Exogenous ascorbic acid mitigates flood stress damages of Vigna angularis

Abstract

Prolonged water stress adversely affects many aspects of plant physiology, resulting in severe damage to growth and productivity. In response to this and other environmental stresses, plants have evolved complex physiological and biochemical adaptations. To boost existing plant defense mechanisms, this study quantified the negative effects of waterlogging stress and how it may be mitigated by the addition of a natural protective agent.

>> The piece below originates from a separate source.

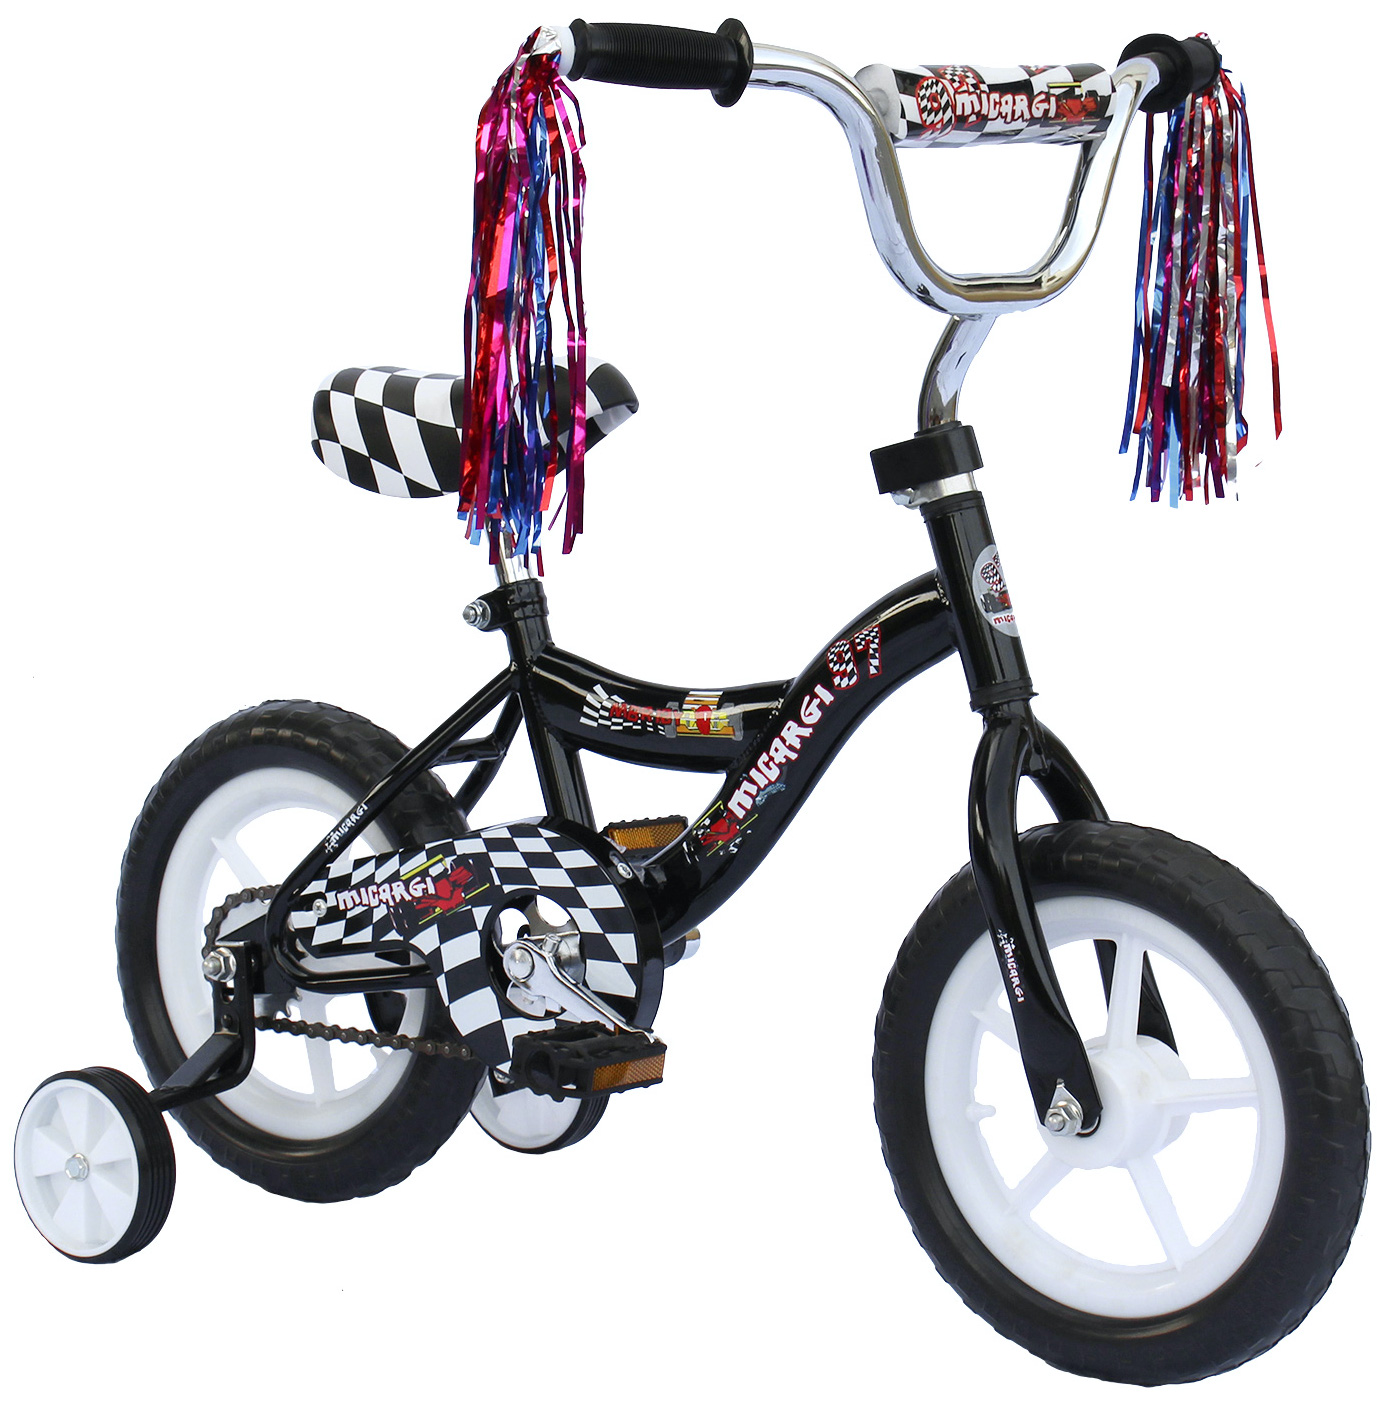 BLACK BMX BIKE SEAT CLAMP BICYCLE BIKE PARTS 369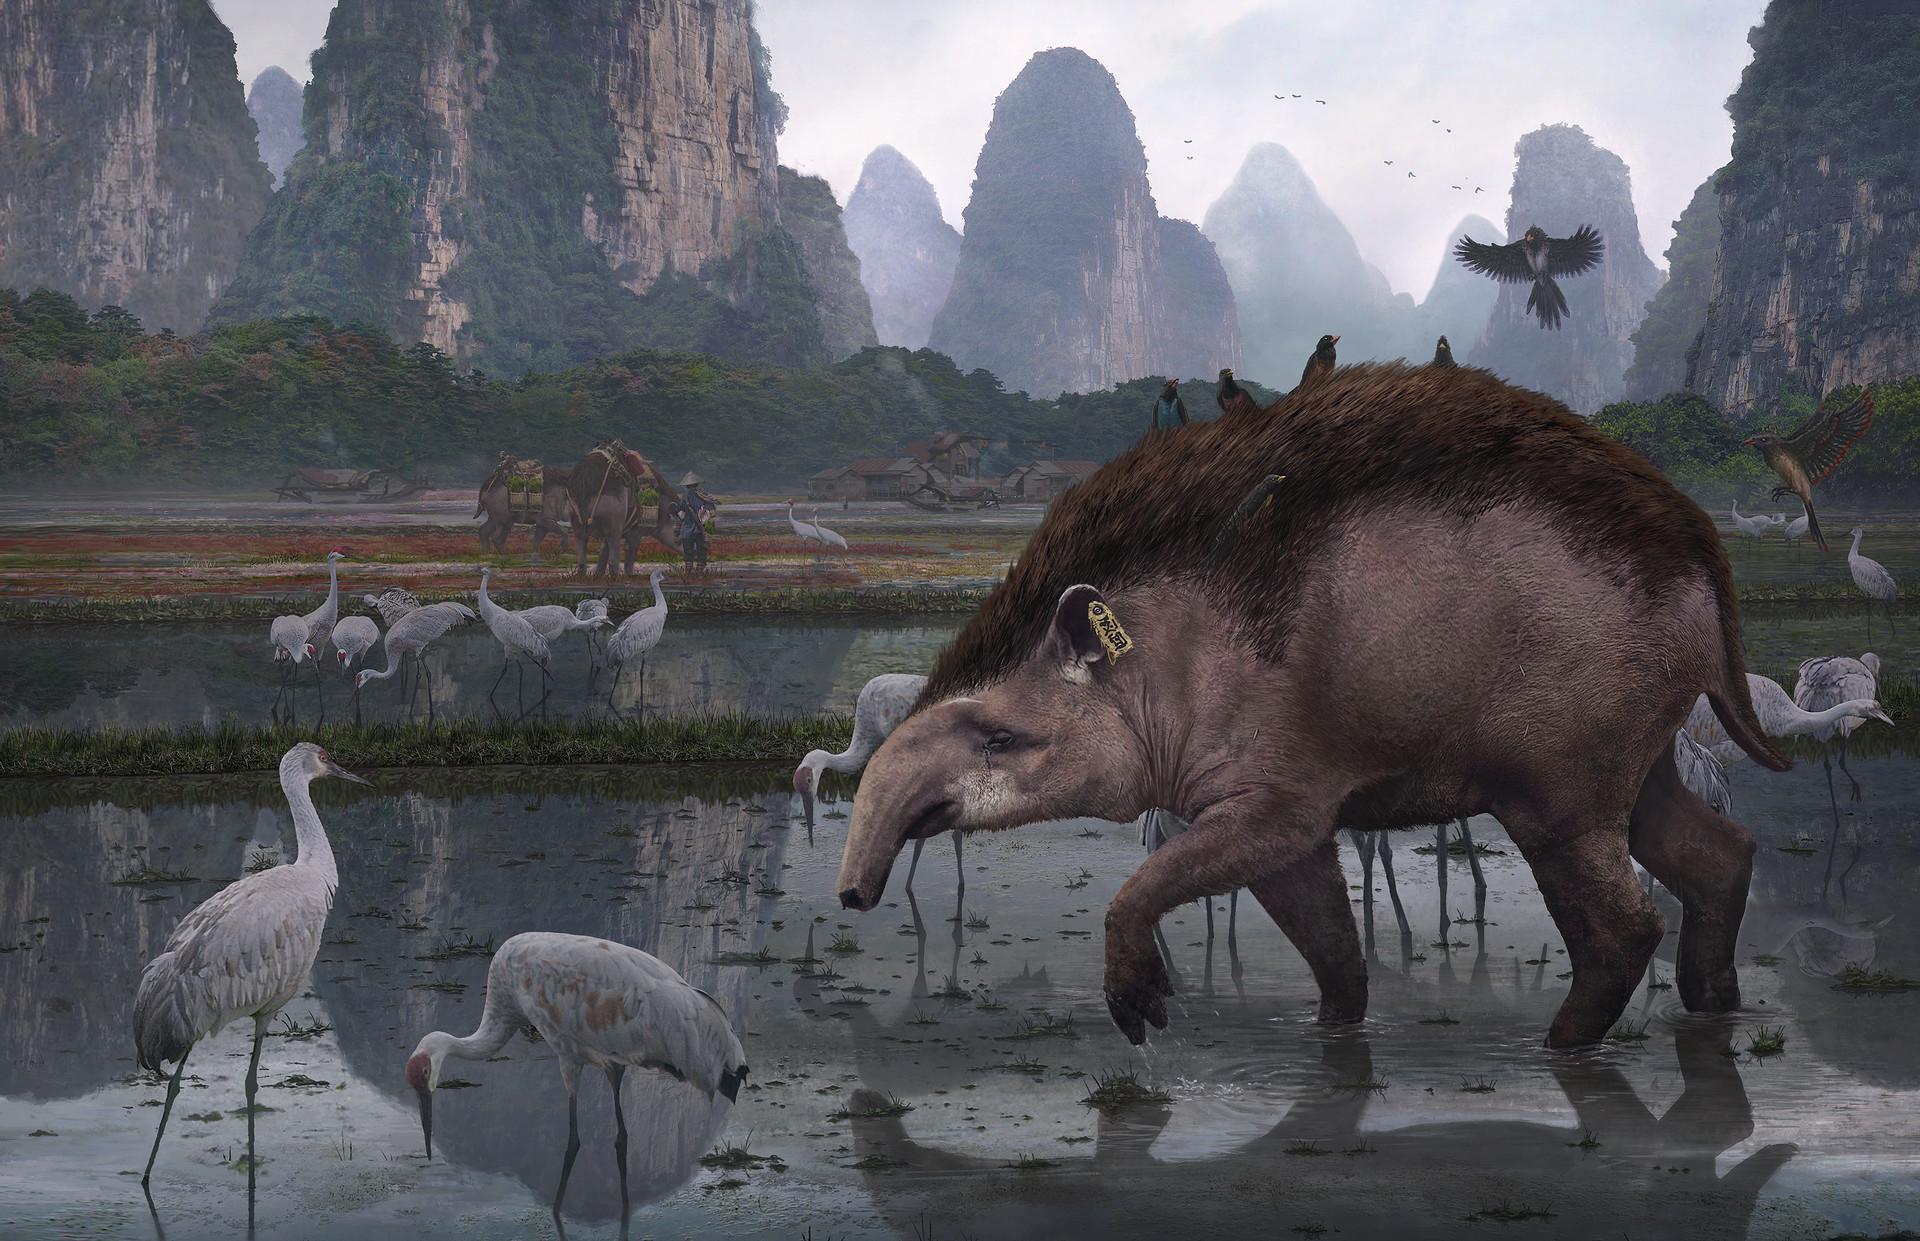 Jordi van hees 2 solo wild tapir render v40 final small

Adzuki beans (Vigna angularis) were grown in commercially available microbe-free soil and subjected to waterlogging stress for 2 weeks. Waterlogging significantly reduced all growth-related variables: shoot length, fresh and dry biomass, chlorophyll content in stressed versus unstressed plants. Waterlogging stress generated reactive oxygen species that heavily damaged plant tissues, causing electrolyte leakage and eliciting an antioxidative response. Specifically, stress-response phytohormone content altered, with a reduction in abscisic acid (ABA) and an increase in jasmonic acid (JA). Furthermore, antioxidants such as malondialdehyde (MDA), catalase (CAT), superoxide dismutase (SOD), polyphenol oxidase (PPO), and peroxidase (POD) were significantly enhanced in waterlogged plants versus non-waterlogged plants. Supplementation of exogenous ascorbic acid (ASC) at 3, 5, and 7 mM revealed that the lowest concentration further reduced ABA and increased JA, enhancing water evaporation rates to raise water-stress tolerance. Moreover, 3 mM ASC also led to lower MDA, CAT, SOD, PPO, POD, and ascorbate peroxidase concentrations in waterlogged plants than in waterlogged plant not treated with ASC. Thus, ASC at a concentration of 3 mM was the most successful in relieving effects of waterlogging stress on plants.